New York Assemblyman from the 137th District
- In office 1966
- Preceded by: District created
- Succeeded by: V. Sumner Carroll

New York Assemblyman from the 122nd District
- In office 1969–1970
- Preceded by: Louis H. Folmer
- Succeeded by: Lloyd Stephen Riford, Jr.

Personal details
- Born: September 15, 1910
- Died: December 3, 1992 (aged 82)
- Party: Democratic
- Spouse: Helen Wetzler
- Children: Three sons
- Alma mater: Cornell University Brooklyn Law School

= George M. Michaels =

American politician

George M. Michaels (September 15, 1910 - December 3, 1992) was an American Democratic Party politician from New York, who served in the New York State Assembly from 1961 to 1966 and 1969 to 1970, where he was best known for his changed vote that played a pivotal role in the passage of an expanded abortion rights law in New York State.

Michaels is the subject of the award-winning short documentary Deciding Vote, which premiered on The New Yorker.

==Biography==

===Early life===
Michaels was born on September 15, 1910 (as per the Social Security Death Index) in College Point, Queens, New York City. He attended Cornell University, and graduated from Brooklyn Law School. Then he practiced law in Auburn, Cayuga County, New York. He served in the United States Marine Corps during World War II, enlisting as a private and leaving as a captain.

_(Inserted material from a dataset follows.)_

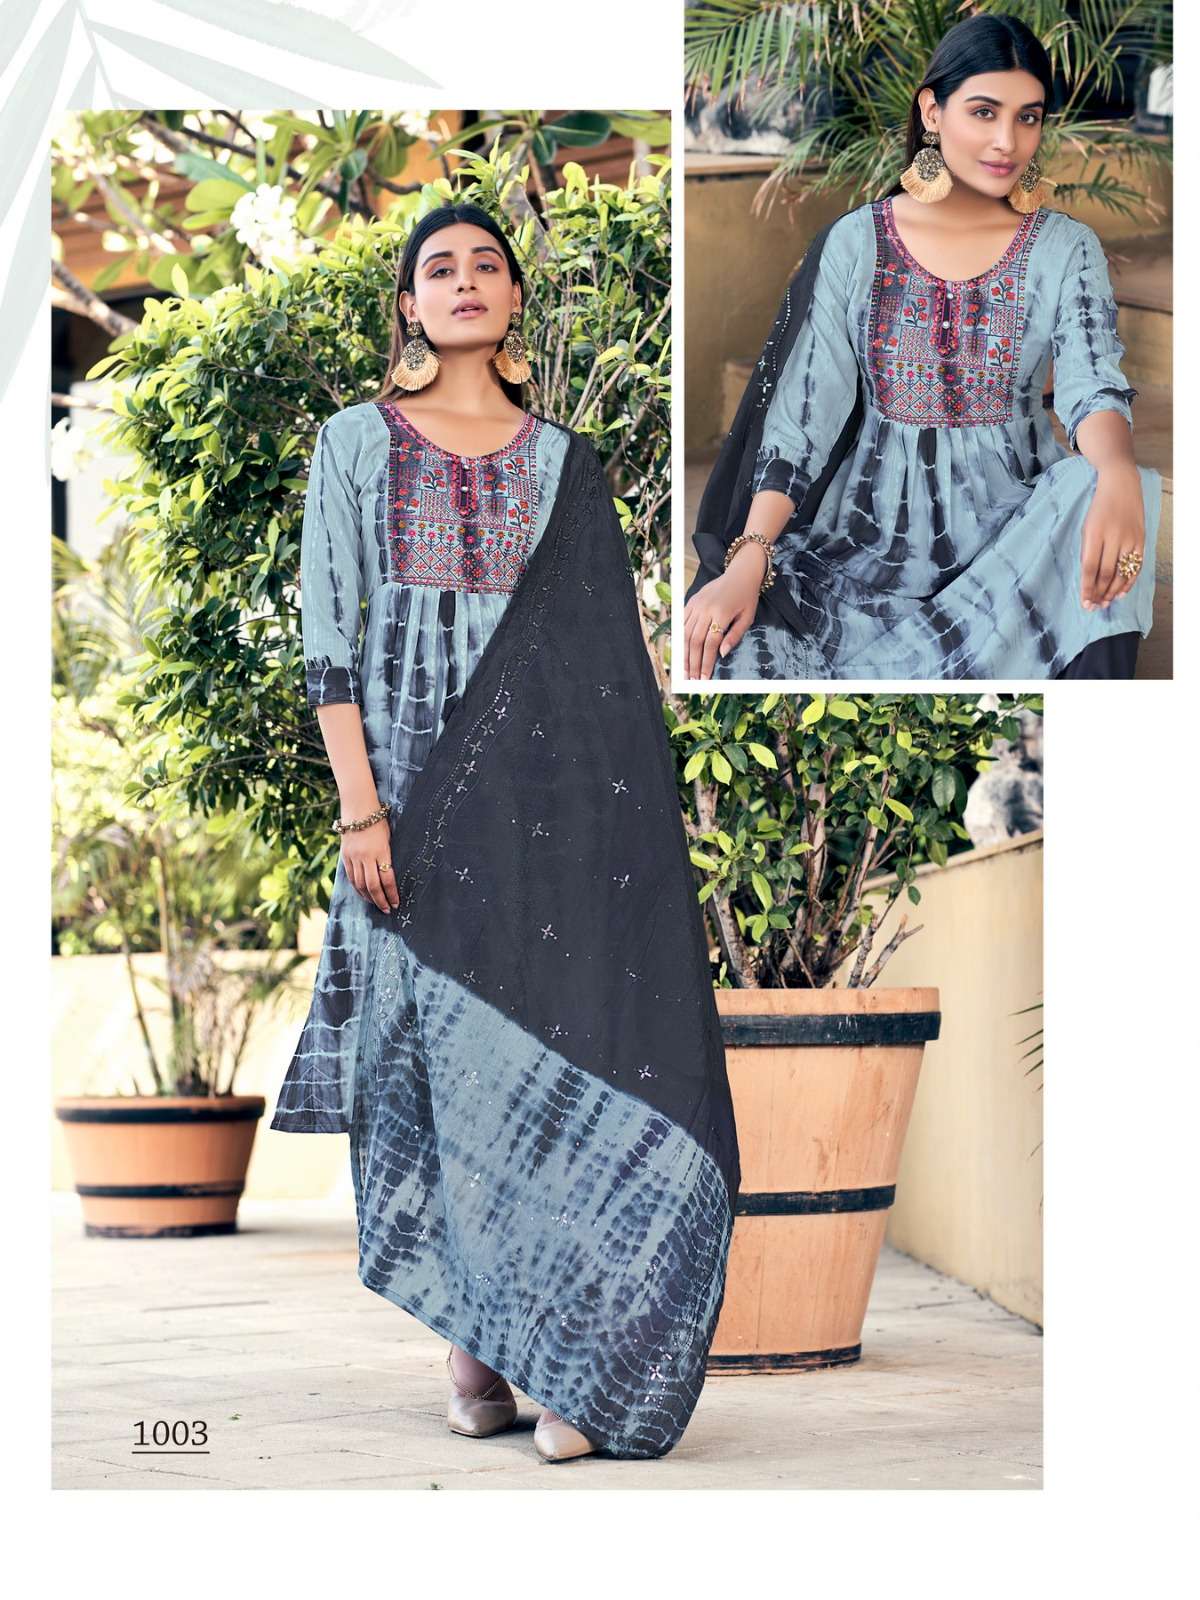 colourpix noor 1001-1006 series latest designer nayra cut kurti set wholesaler surat gujarat
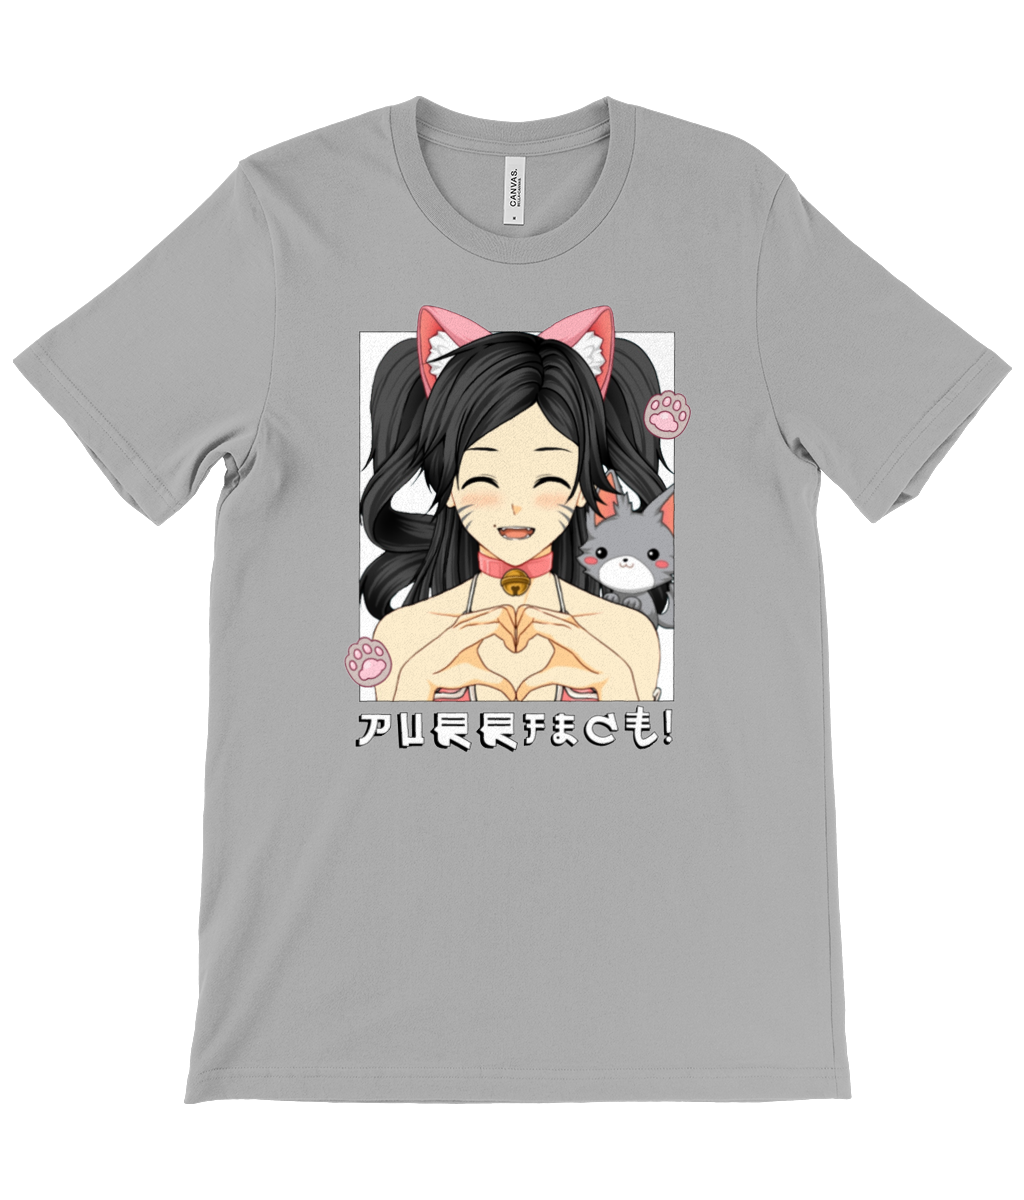 Purrfect Anime Girl Crew Neck T-Shirt

He was a member of the New York State Assembly from 1961 to 1966, sitting in the 173rd, 174th, 175th and 176th New York State Legislatures. In 1966, the new apportionment joined Cayuga and Cortland counties into the 122nd District, and Michaels declined to run for re-election. Michaels was again a member of the State Assembly in 1969 and 1970. In the Assembly he was an advocate for expanded state aid to rural school districts and in sentencing and prison issues. He was the sponsor of the 1970 bill that made the bluebird the official state bird of New York.

===New York's abortion law===
Michaels supported what he saw as a woman's right to choose to have an abortion on a personal basis. At the request of the Cayuga County Democratic Committee he had voted twice against efforts to loosen restrictions, including an early April 1970 effort that was narrowly defeated.

Franz Leichter, a Democratic Assemblyman from Manhattan drafted a bill expanding abortion rights together with Republican Assemblywoman Constance Cook of upstate Tompkins County, New York, proposing legislation that included no restrictions on the practice of abortion. The bill passed in the Senate on March 18, 1970, after five hours of debate by a vote of 31-26. For the Assembly, the bill was amended to allow for women to have abortions until their 24th week of pregnancy or at any time to protect the life of the mother. As the roll call progressed in the Assembly on April 9, 1970, the legislature deadlocked at 74 in favor and 74 opposed, with the Assembly speaker not voting in a case when it did not make a difference, leaving the count two short of the absolute majority of 76 members of the 150-member Assembly needed to pass the bill.

Michaels had earlier voted against the proposal during the roll call, but rose to speak before the Clerk of the Assembly could close the vote and bring it to defeat. Those assembled in the galleries were unsure of his purpose, but he alluded to his intentions when he said that his constituents were going to "condemn me for what I am about to do". He continued with his speech, stating "I realize, Mr. Speaker, that I am terminating my political career, but I cannot in good conscience sit here and allow my vote to be the one that defeats this bill ... [and asked] that my vote be changed from "no" to "yes"". His prediction regarding his political future turned out to be accurate. In explaining his change of heart, Michaels stated that "One of my sons just called me a whore for the vote I cast against this" and that another son had insisted: "Dad, for God's sake, don't let your vote be the vote that defeats this bill." After his changed vote, the chamber erupted in bedlam, Michaels buried his face in his hands, and one person shouted epithets at him.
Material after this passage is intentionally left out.